The malware itself has been dubbed Rilide by security researchers at Trustwave SpiderLabs who explained in a new report that it can carry out a wide range of malicious activities including monitoring browsing history, taking screenshots and stealing cryptocurrency using scripts injected into websites.
Although the Rilide malware is being spread through a fake Google Drive browser extension, the cybersecurity firm also discovered another campaign abusing Google Ads and the Aurora Stealer to load the extension using a Rust loader according to BleepingComputer.
This could indicate that its creators are using a Malware-as-a-Service business model to sell Rilide to other cybercriminals who then use it in their own attacks since Trustwave did find a post on a hacking forum in March of last year advertising a botnet with similar capabilities.
Either way, Rilide is certainly a malware strain to look out for, especially since it’s able to intercept two-factor authentication (2FA) codes and take over both email and crypto accounts.
Hijacking Chromium-based browsers
The loader used by Rilide modifies the browser shortcut files in Chrome or Edge to automate the malicious browser extension dropped onto infected systems by the malware.

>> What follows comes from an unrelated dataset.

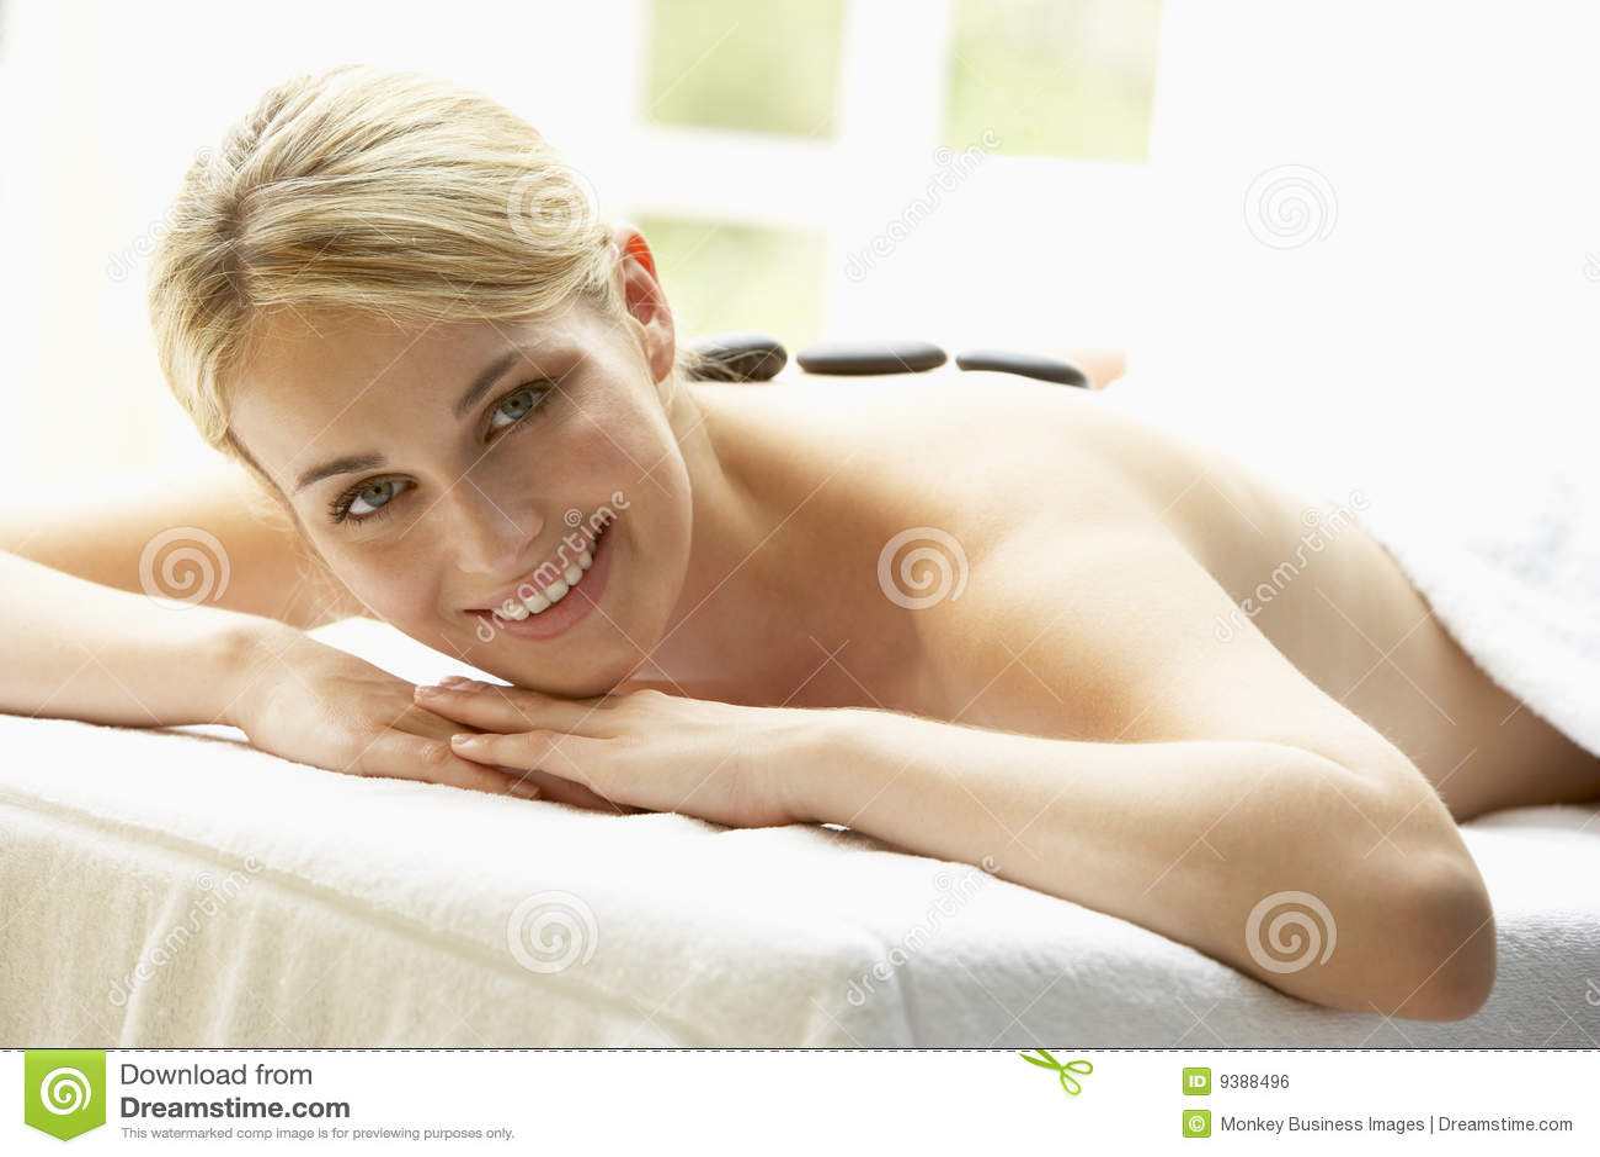 Enjoying hot stone treatment woman young

From here, it runs a script that monitors when a user infected by the malware switches tabs, receives content from the web or when a web page finishes loading. At the same time, it also checks if the website a user is on matches a list of targets on a command and control (C&C) server controlled by the hackers behind the campaign.
When one of the sites is a match, the malicious extension then loads additional scripts that are injected into a web page to steal sensitive information from victims related to crypto, their email account credentials and more.

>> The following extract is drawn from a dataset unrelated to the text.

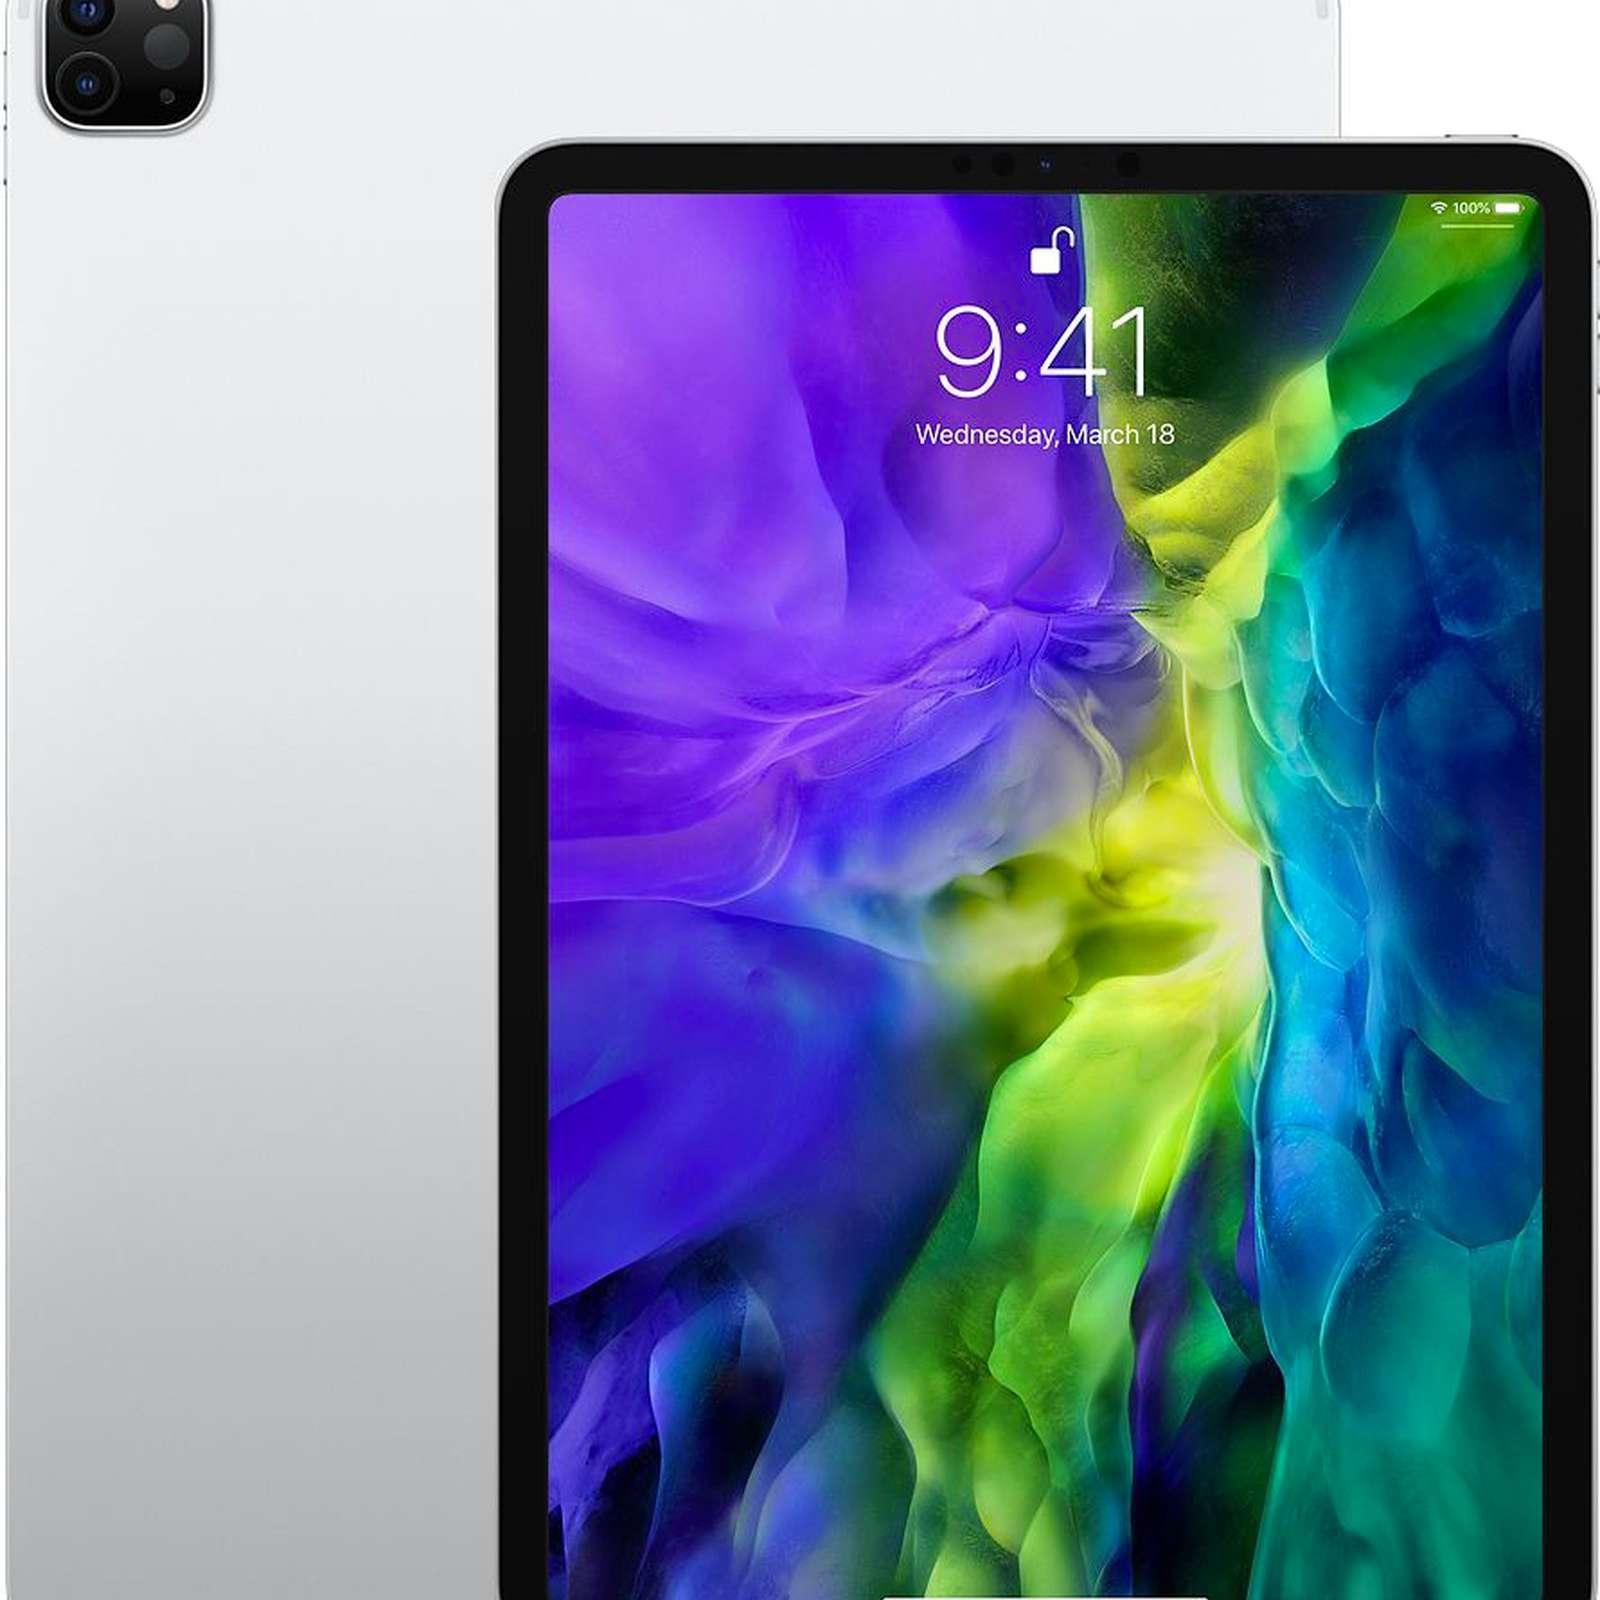 10.5-inch iPad Pro 2020

The extension dropped by Rilide can even disable a security feature called “Content Security Policy” which is used to protect against cross site scripting (XSS) attacks. This allows it to load external resources that would normally be blocked by your browser.
One thing Rilide is particularly good at is stealing cryptocurrency. It does this by using fake dialogs to trick victims into entering their temporary codes. This system is activated once a victim tries to withdraw crypto from a cryptocurrency exchange.
Surprisingly, the Rilide malware can also replace email confirmations in a victim’s inbox if they access their email using the same browser which people often do.
How to stay safe from malicious browser extensions
In its report on the matter, Trustwave SpiderLabs points out that when Google begins enforcing Manifest V3 that it might make it more difficult for hackers to use malicious extensions in their attacks. However, it won’t solve the issue entirely since “most of the functionalities leveraged by Rilide will still be available”.
When it comes to protecting yourself from malicious browser extensions, the best antivirus software can help prevent you from becoming infected with malware or having your data stolen. Likewise, the best identity theft protection services can help you regain lost funds stolen by hackers and restore your identity if it’s stolen.
When installing new browser extensions, you want to only use trusted sources like the Chrome Web Store or the Microsoft Edge Add-ons store. It’s also worth limiting the number of extensions you have installed in your browser in the same way that you want to avoid installing unnecessary apps on your smartphone.
Given the complexity of the Rilide malware and the malicious browser extension it uses, this likely isn’t the last time we’ll hear about it being used by hackers in their attacks.